Oh gosh, here goes your child again, screaming bloody murder on the floor of aisle 9 at the grocery store because you won’t buy him or her chocolate milk. Or perhaps it’s happening in the middle of a wedding ceremony and you just know the bride will behead you for ruining her big day.
No matter the location or occasion, we are often put in situations where we need our kids to behave like little angels, pronto. The easiest and quickest way to achieve this angel status is to bribe them, and temporarily, you may achieve heaven. However, bribery leads to more and worse tantrums because now your kid just learned that you are willing to give him or her anything to stop the bad behavior. Therefore, try to talk to your children and anticipate their needs to avoid bad behavior from occurring in the first place. Moreover, shower them with praises when they are behaving well to incentivize them to continue being angels.
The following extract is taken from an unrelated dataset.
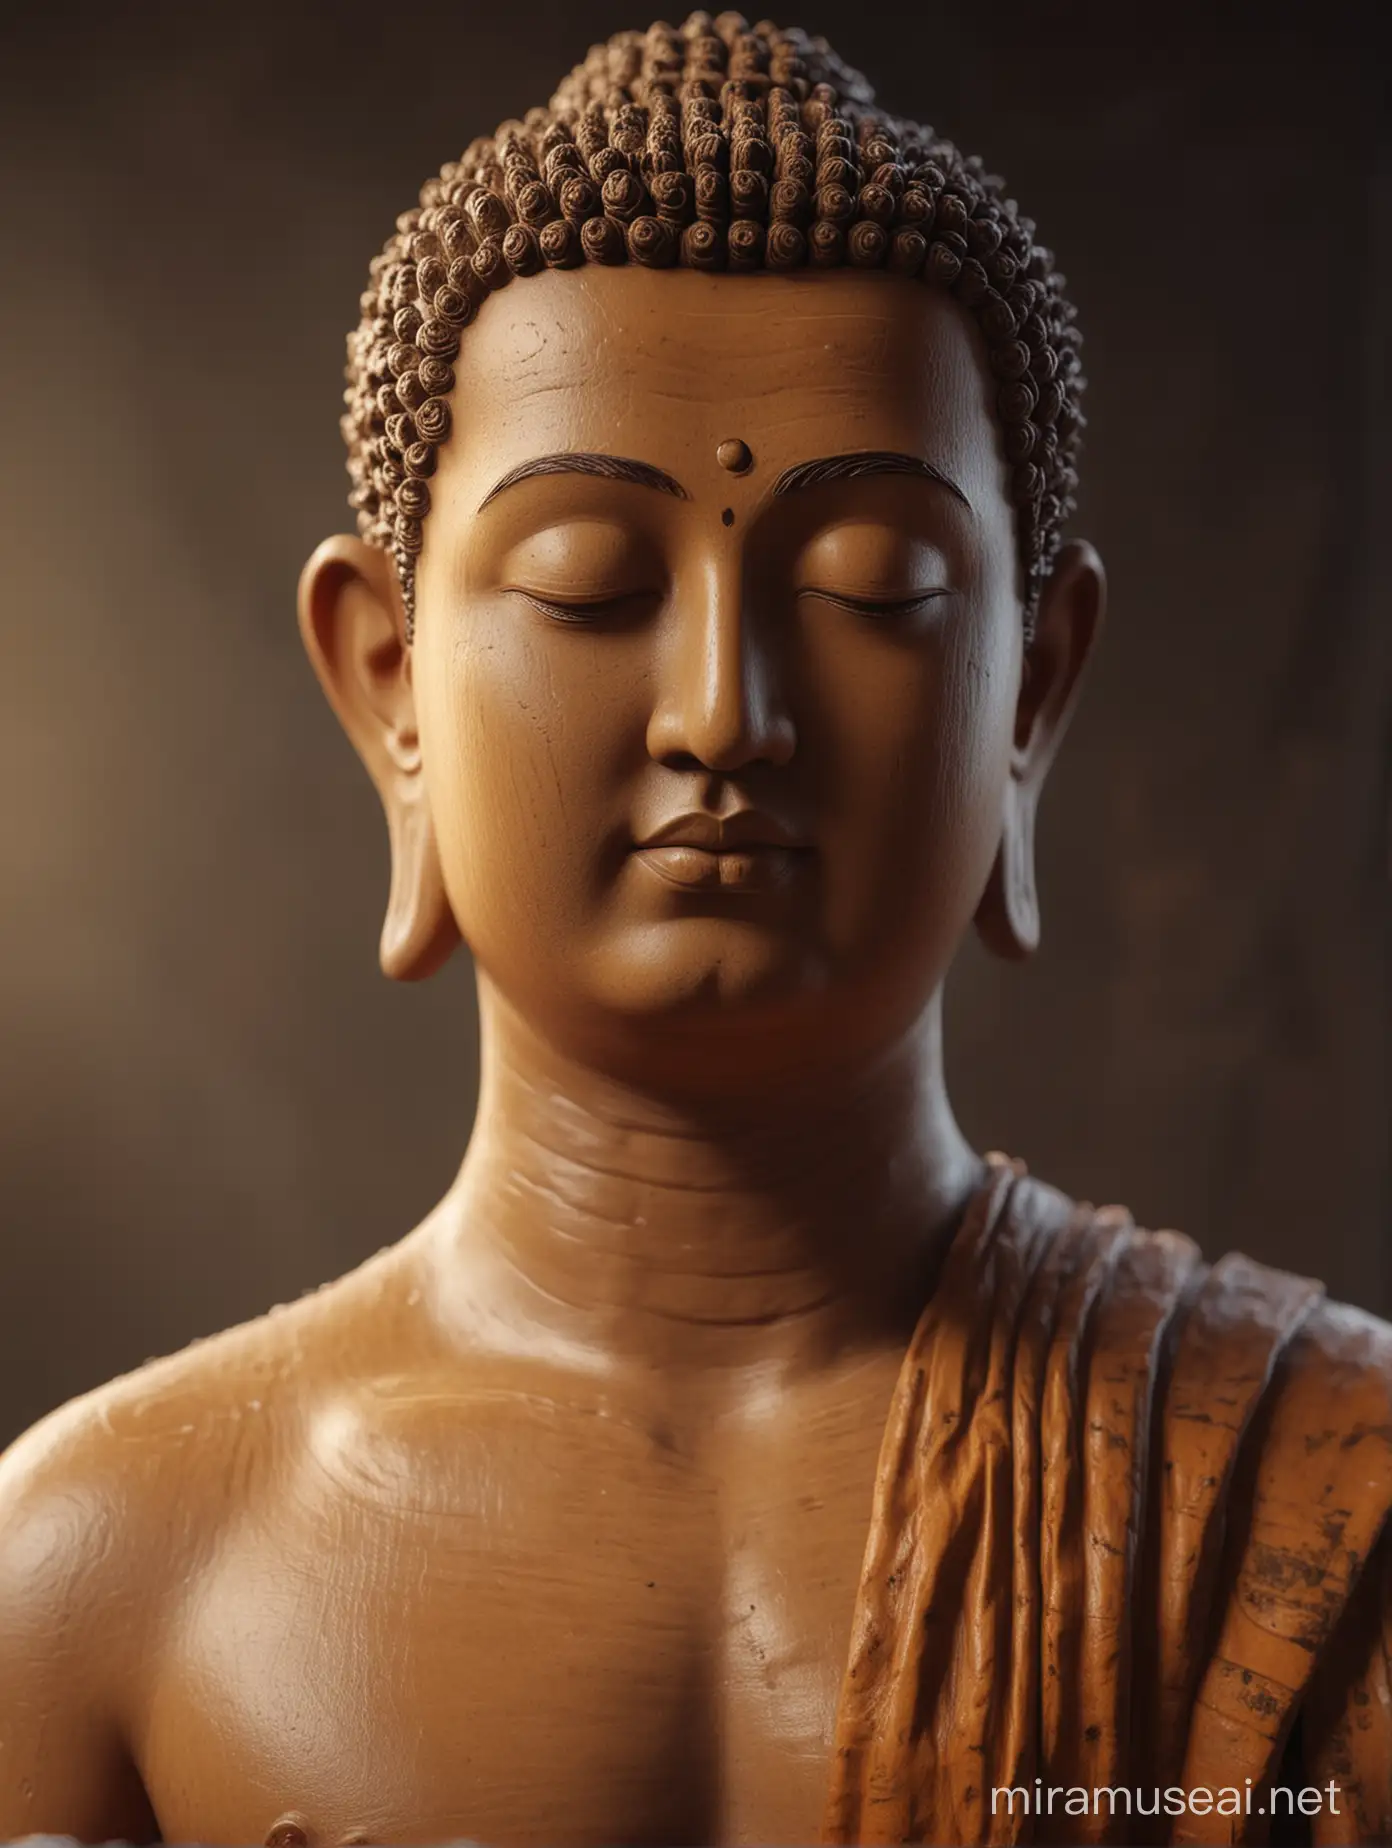 Serene Buddha Meditating in Realistic Light

Disciplining Your Child is No Joke
Whew. Parenting is HARD. And some days, parenting plain sucks. However, parenting is part of what we signed up for when we decided to give birth to our kids (what? You didn’t see that in the contract?) and we need to do our best to discipline our children and guide them to do the right things. Be honest with yourself and your kids when you do make a disciplining mistake and apologize for it. Your kid will respect you more for admitting your mistakes. Show them how much you love and value them after both parties have calmed down. Lastly, do go easy on yourself when you do make a disciplining mistake – the important thing is that you learn from it.
What discipline mistakes have you made and how have you fixed them?